Chapter 1. Apache Hadoop and Apache HBase: An Introduction

Apache Hadoop is a highly scalable, fault-tolerant distributed system meant to store large amounts of data and process it in place. Hadoop is designed to run large-scale processing systems on the same cluster that stores the data. The philosophy of Hadoop is to store all the data in one place and process the data in the same place—that is, move the processing to the data store and not move the data to the processing system. Apache HBase is a database system that is built on top of Hadoop to provide a key-value store that benefits from the distributed framework that Hadoop provides.

Data, once written to the Hadoop Distributed File System (HDFS), is immutable. Each file on HDFS is append-only. Once a file is created and written to, the file can either be appended to or deleted. It is not possible to change the data in the file. Though HBase runs on top of HDFS, HBase supports updating any data written to it, just like a normal database system.

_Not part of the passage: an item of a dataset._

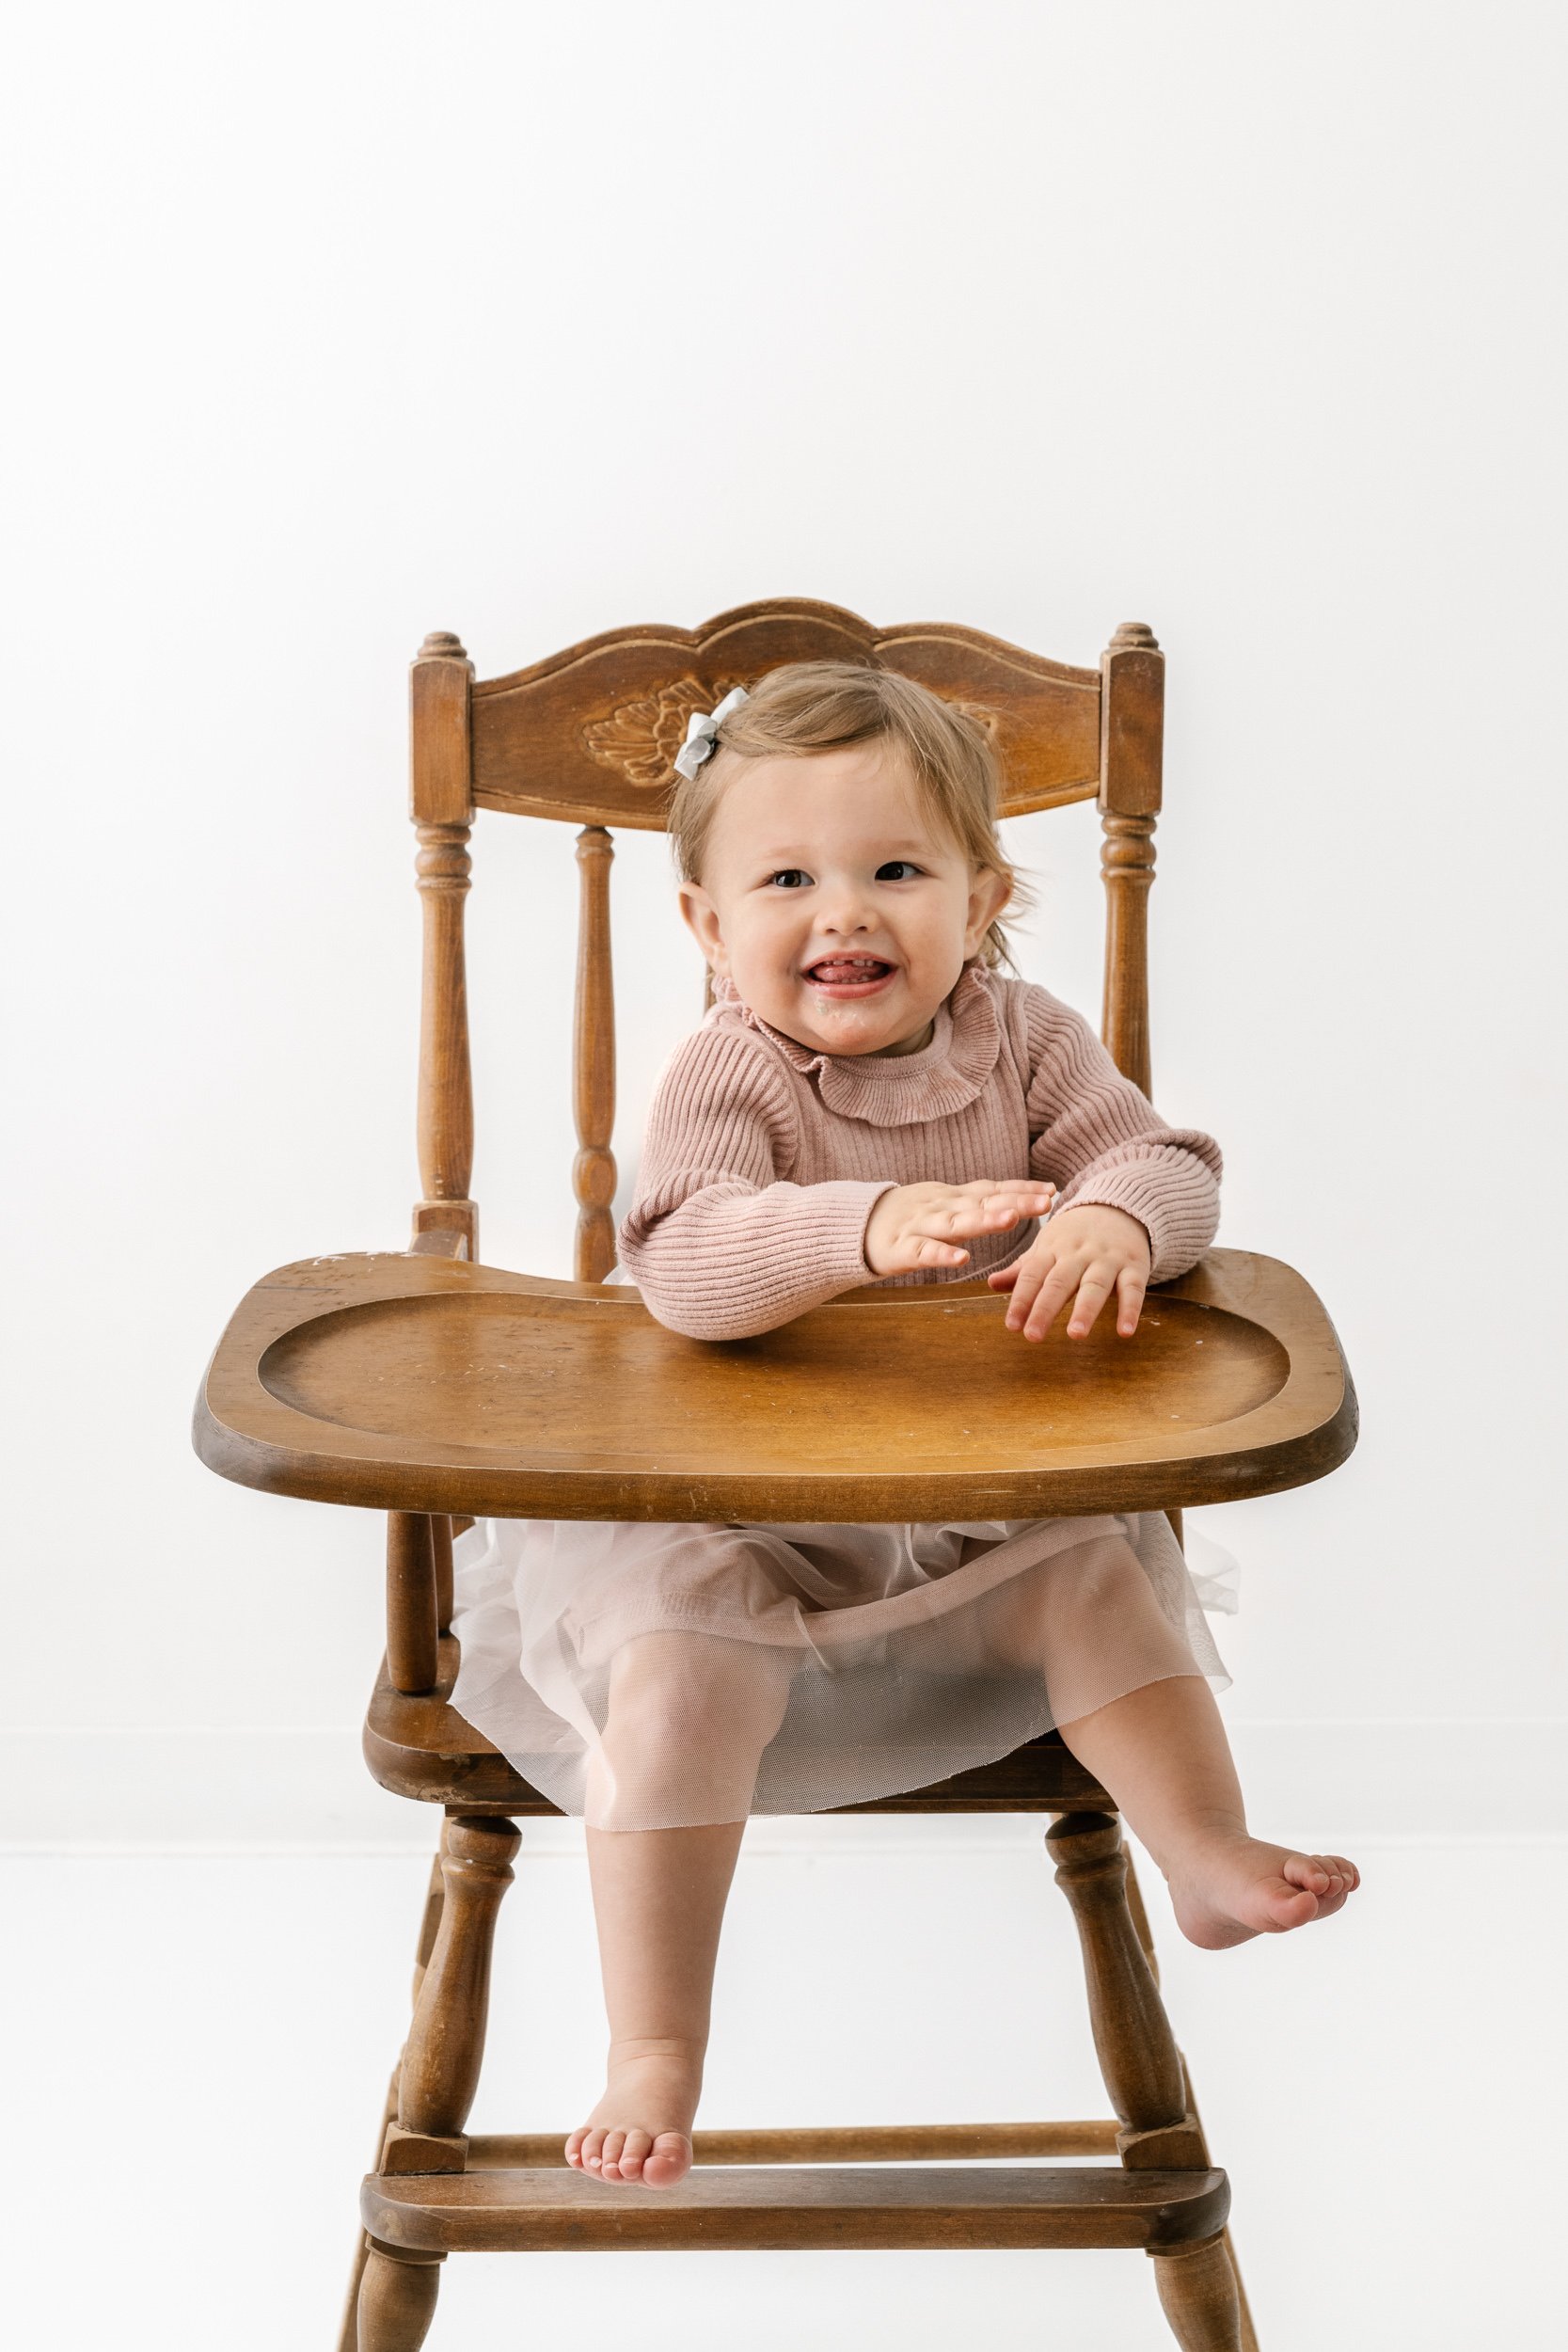  Nicole Hawkins Photography captures a portrait of a baby sitting in a vintage high chair in a studio. vintage high chair #NicoleHawkinsPhotography #NicoleHawkinsBabies #studiochildren #firstbirthday #studiophotography #girlsbirthdayportraits

This chapter will provide a brief introduction to Apache Hadoop and Apache HBase, though we will not go into too much detail.

HDFS

At the core of Hadoop is a distributed file system referred to as HDFS. HDFS is a highly distributed, fault-tolerant file system that is specifically built to run on commodity hardware and to scale as more data is added by simply adding more hardware. HDFS can be configured to replicate data several times on different machines to ensure that there is no data loss, even if a machine holding the data fails. Replicating data also allows the system to be highly available even if machines holding a copy of the data are disconnected from the network or go down. This section will briefly cover the design of HDFS and the various processing systems that run on top of HDFS.

HDFS was originally designed on the basis of the Google File System [gfs]. HDFS is a distributed system that can store data on thousands of off-the-shelf servers, with no special requirements for hardware configuration. This means HDFS does not require the use of storage area networks (SANs), expensive network configuration, or any special disks. HDFS can be run on any run-of-the-mill data center setup. HDFS replicates all data written to it, based on the replication factor configured by the user. The default replication factor is 3, which ensures that any data written to HDFS is replicated on three different servers within the cluster. This greatly reduces the possibility that any data written to HDFS will be lost.

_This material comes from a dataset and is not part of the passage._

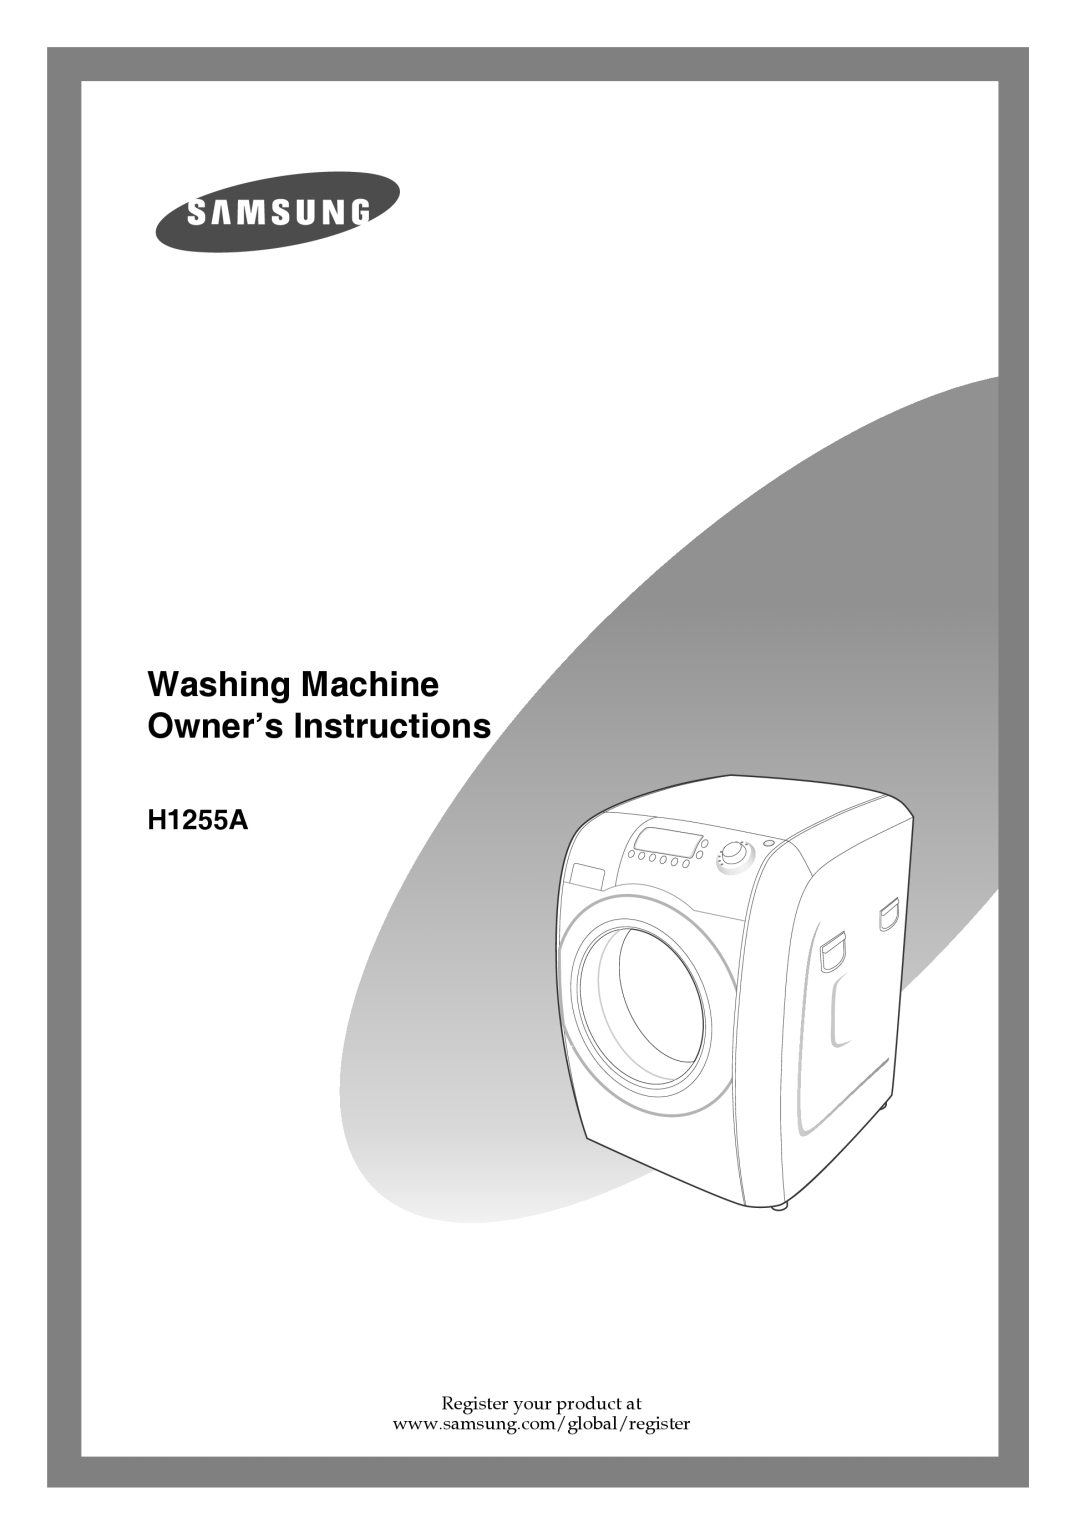 Samsung H1255AGS/XET, H1255AGS/XEU, H1255AGS/YLE, H1255AGS/XEH, H1255AGS/XEG manual Washing Machine Owner’s Instructions

HDFS, like any other file system, writes data to individual blocks. Each HDFS file consists of at least one block. Each file consists of multiple blocks, based on the size of the file. HDFS is designed to hold very large files. Therefore, HDFS block sizes are also usually pretty large compared to other file systems. HDFS block sizes are configurable, and in most cases range between 128 MB to 512 MB. HDFS tries to ensure that each block is replicated based on the replication factor, thus ensuring the file itself is replicated as much as the replication factor. HDFS is rack-aware, and the default block placement policy tries to ensure that each replica of a block is on a different rack.

HDFS consists of two types of servers: name nodes and data nodes. Most Hadoop clusters generally have two name nodes and several data nodes. Data nodes are the nodes on which the data is stored. At any point in time, there is one active name node and an optional standby name node. The active name node is the currently active name node that serves client and other data nodes. The standby name node is an active backup to the primary, and takes over if the active name node goes down or is no longer accessible for some reason. Name nodes are responsible for storing metadata about files and blocks on the file system. The name node maps every file to the list of blocks that the file consists of. The name node also holds information about each block’s location—which data nodes the block is stored on and where on the data node it is.

Each client write is initially written to a local file on the client machine, until the client flushes the file or closes it or the size of the temporary file exceeds a block boundary. At this point, the file is created (or a new block is added if new data is being written once a block boundary is crossed or an existing file is reopened for append) and the name node assigns blocks to it. Then the data is written to each block, which is replicated to multiple data nodes, one after another. The operation is successful only if all the data nodes succesfully replicate the blocks.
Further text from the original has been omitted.